Митт Ромни уставился на собеседника, загадавшего загадку. Это был намек на осведомленность. Причем большую, чем его собственная, Митта Ромни, осведомленность. Чувствовалось, что он задал бы экс-руководителю УНР много вопросов, если бы был уверен в наличии ответов. Потому он промолчал. Но молчал недолго…
– Неужели, Брюс, они ее уничтожили? Поверить не могу… Вот если бы в руки к нам приплыло оружие четвертого измерения России и Китая, а ты, Брюс, тупо отправил бы его в топку, не пытаясь понять, как оно устроено…
Да, девушка, Брюс… Не теряй терпения. Прежде я расскажу о датчанине, он не лишний… На исходе третьего дня моих бдений я многое знал… Я сумел прочесть немало, Брюс, хотя мне не хватало моего французского, и если уж я не ел и не пил, то спать мне приходилось, перевозбужденный мозг отказывался мне служить… Прямо на полу, на ковре, да, Брюс, выбирать не приходилось.
Викарий появился неожиданно. Он сказал мне:
– Молодой человек, Вы превысили пределы нашего гостеприимства. Полагаю, следует Вам покинуть сей дом…
Ох, Брюс, я видел манускрипт Войновича своими глазами… Я видел Аль Азиф… и мне надо было уходить…
Я бросился к викарию, упал перед ним на колени, целовал ему руки, просил остаться. Кажется, мне все равно стало, что я мог бы умереть с голоду от «гостеприимства» сего дома!

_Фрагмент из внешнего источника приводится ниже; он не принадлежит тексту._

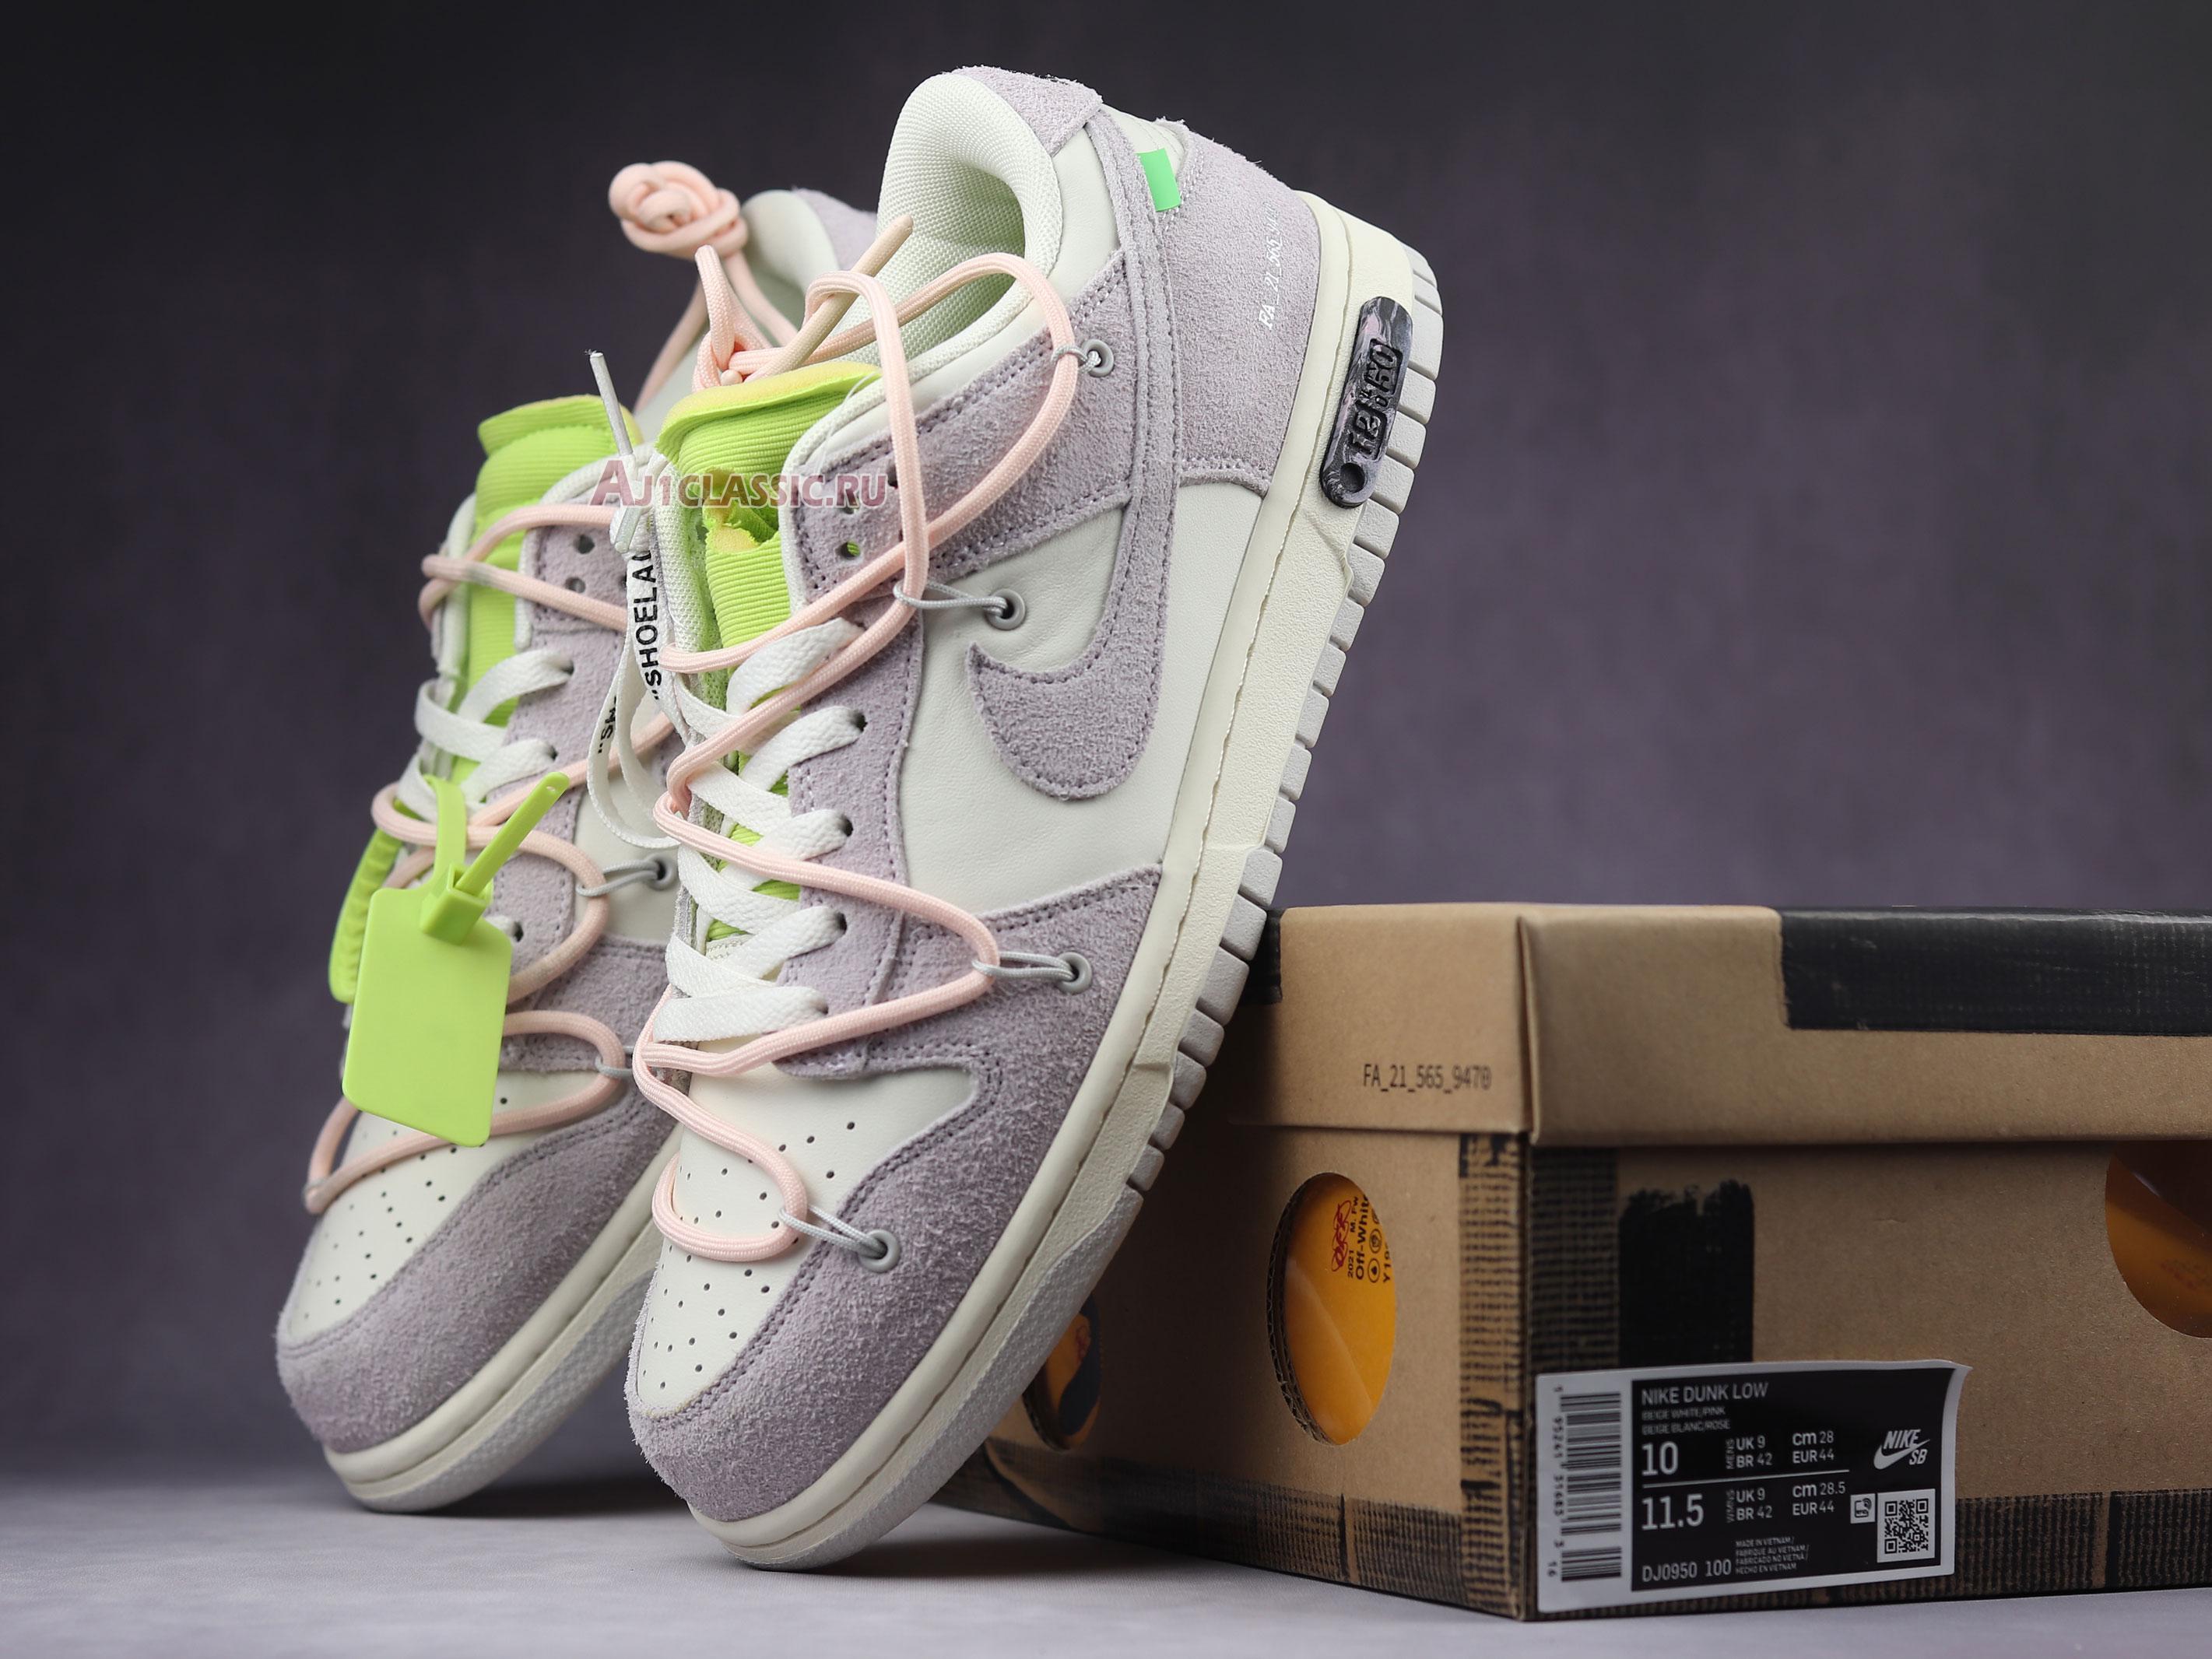 Off-White x Nike Dunk Low Lot 12 of 50 DJ0950-100 Sail/Neutral Grey/Crimson Tint-Pink Sneakers

И тут он сказал, отнимая от меня свои руки:
– Вы совсем как тот датчанин. Тот помешался, когда увидел дощечки… Давно это было, правда, но, говорят, он несся от нас по улицам, крича и размахивая руками, а порой рвал на себе волосы… Дней десять подряд приходил к воротам, стоял на коленях и просил, умолял – дайте взглянуть еще раз. Настоятель отказал. Он счел, что теология, которой обучался датчанин, и те основы церковного права, в которые мы его посвящали, неоспоримо более важны, чем какие-то разрисованные доски… Он уехал потом, хватило нашей науки, чтоб стать большим человеком. Он был епископом Роскиле. По тем временам главным человеком в Дании, советником королей, в двенадцатом веке это было… Вот и хорошо, что дощечек нет. Не станет сумасшедших. И Вам, молодой человек, стоило бы обратиться к матери-церкви, что эти мормонские сказки, к чему. Пока не поздно…
Вот так я узнал об Абсалоне30. Как он узнал обо мне?
Брюс, здесь начинается та часть, которая страшна для передачи. Я боюсь, что ты станешь думать обо мне плохо. Энн знает, она мормонка по собственному выбору. И коли верит в одну Книгу, в одно великое чудо, то почему бы ей не поверить в другое…
Я вошел в свой дом, совершенно пьяным от чувства всевластия, которое возникло в Северине, и от потери его. Это было счастье и величайшее горе одновременно, Брюс, пойми, я был истощен физически от голода и жажды, и убит своей потерей. Да, я решил, что виски не помешает во всех случаях, что-то пил из припасенной бутылки. Упал после на свою постель…
Абсалон вошел в мой сон резко и бесповоротно. Он сказал мне:
– Я – епископ Роскиле. Я Абсалон.
Не спрашивай, Брюс, на каком языке он это сделал. Скорее всего, он вообще молчал, глядя мне в глаза, но я его слышал и понимал. Потом он показал мне Её лицо. И опять передал, сказал или вбил в мой мозг знание.
– Дощечки у неё. А если не у нее, она их найдет. Они сами придут к ней, это ее наследство. Отбери их. Она – враг, русская. Но нужна, чтоб прочесть… береги ее до той поры. Найди и заставь прочесть… Ищи ее, я не дам покоя!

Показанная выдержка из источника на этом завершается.